To investigate the genuine therapeutic potential of selective Foxp3⁺ Treg depletion for the treatment of established tumors, we used transgenic DEREG mice, which express a DT receptor–enhanced green fluorescent protein fusion protein under the control of the Foxp3 locus (25). This allows selective depletion of total Foxp3⁺ Tregs (CD25⁺ and CD25⁻) without affecting CD25⁺ effector T cells proven critical for the attack of various tumors (18, 29, 30). DEREG mice have been used previously to investigate the functional importance of Foxp3⁺ Tregs to suppress immune responses against parasites (31), viruses (32), and self-antigens (33). Recently, the specificity of Foxp3 expression has been doubted (34), and the implication of Foxp3 as tumor suppressor gene (35) questions Foxp3-directed therapies. Importantly, we and others could not detect any evidence for Foxp3 expression in nonhematopoietic epithelial cells of mice (7) and humans (36), reinsuring the specificity of Foxp3 expression to the Treg lineage.
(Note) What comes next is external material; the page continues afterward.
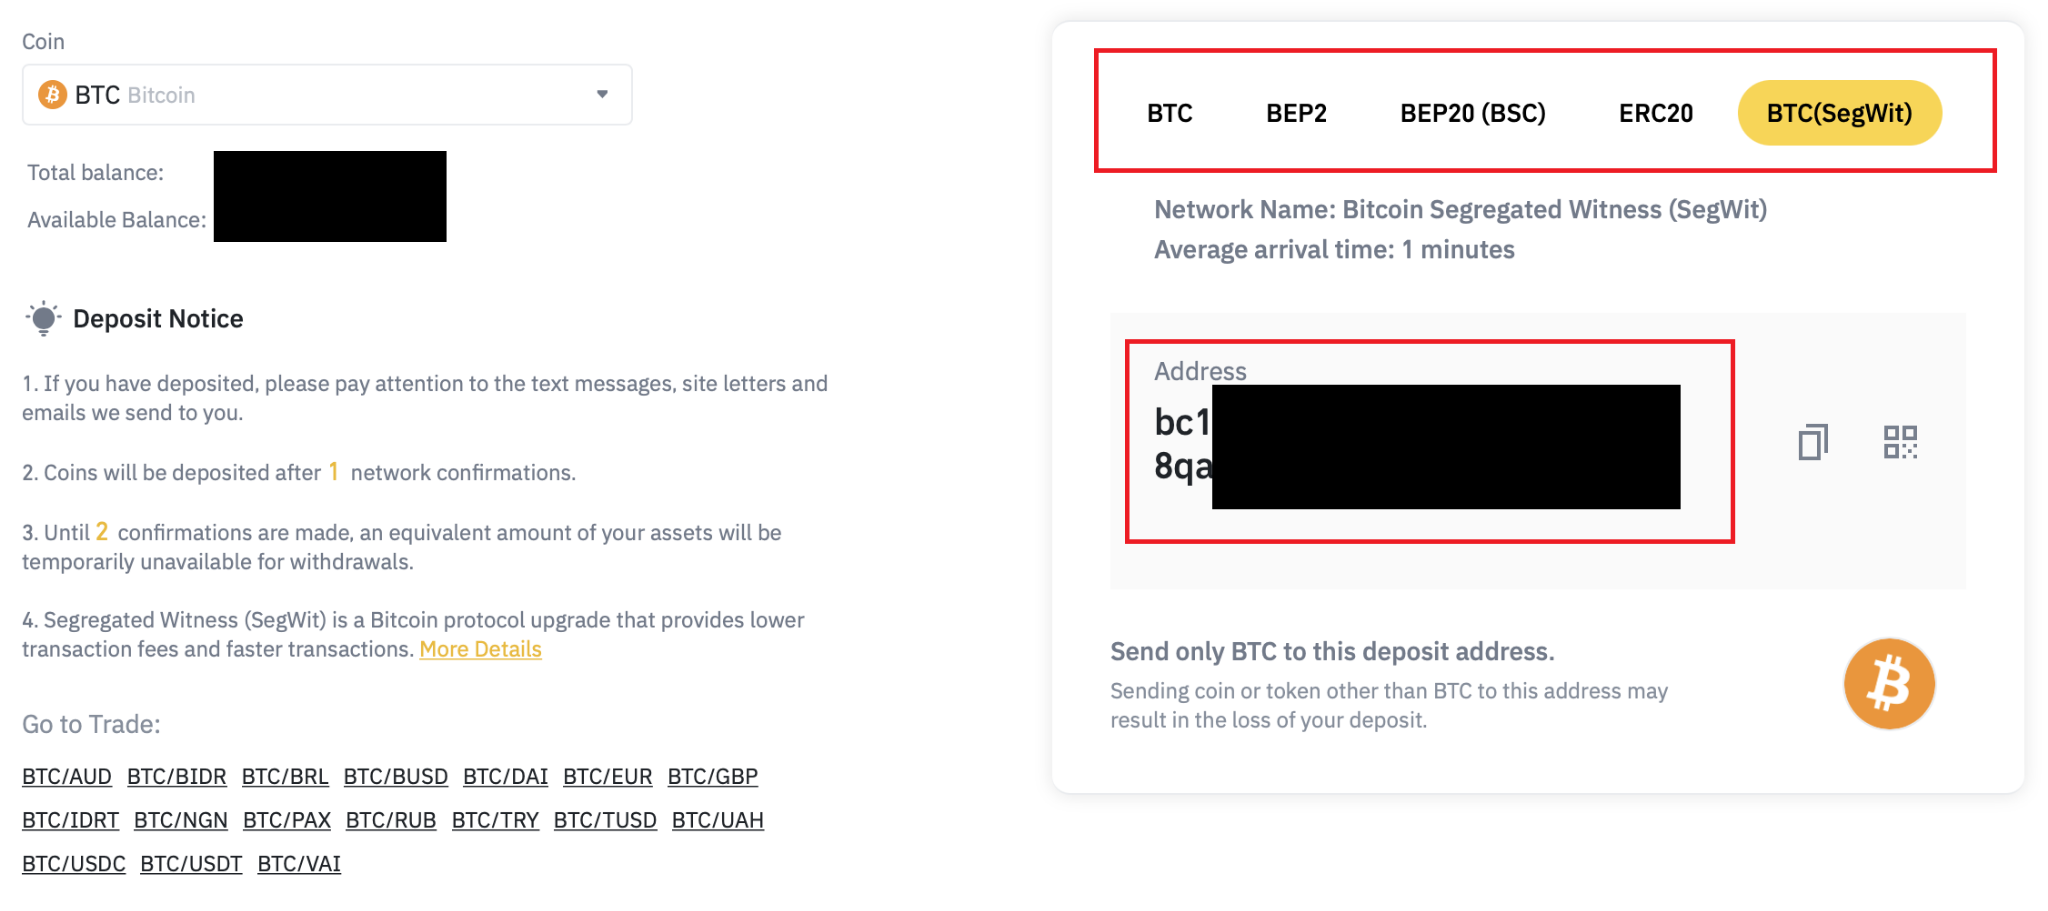 Địa chỉ ví Bitcoin Segregated Witness (SegWit) gốc với ký tự bắt đầu bằng “bc1”.

DEREG and wild-type (WT) control mice were subcutaneously challenged with the poorly immunogenic OVA-expressing B16 melanoma (B16-OVA), which displayed a rapid growth, reaching a mean diameter of 10 to 12 mm in less than 20 days in both DEREG and WT mice (Fig. 1A). In established tumors (day 16), we observed up to 40% of Foxp3⁺ cells among the CD4⁺ TILs, which was clearly higher than in tumor-draining lymph nodes (TdLN) and spleens of the very same WT mice (Fig. 1B), confirming results from previous studies (9, 10). Interestingly, DT treatment of tumor-bearing DEREG mice resulted not only in a highly efficient depletion of Foxp3⁺ Tregs in spleens and TdLNs (∼90%), confirming our previous observations from naïve mice (25), but also efficiently eliminated the large population of Foxp3⁺ Tregs from the tumor site (depletion efficiency ∼95%) when compared with DT-treated WT mice (Fig. 1B).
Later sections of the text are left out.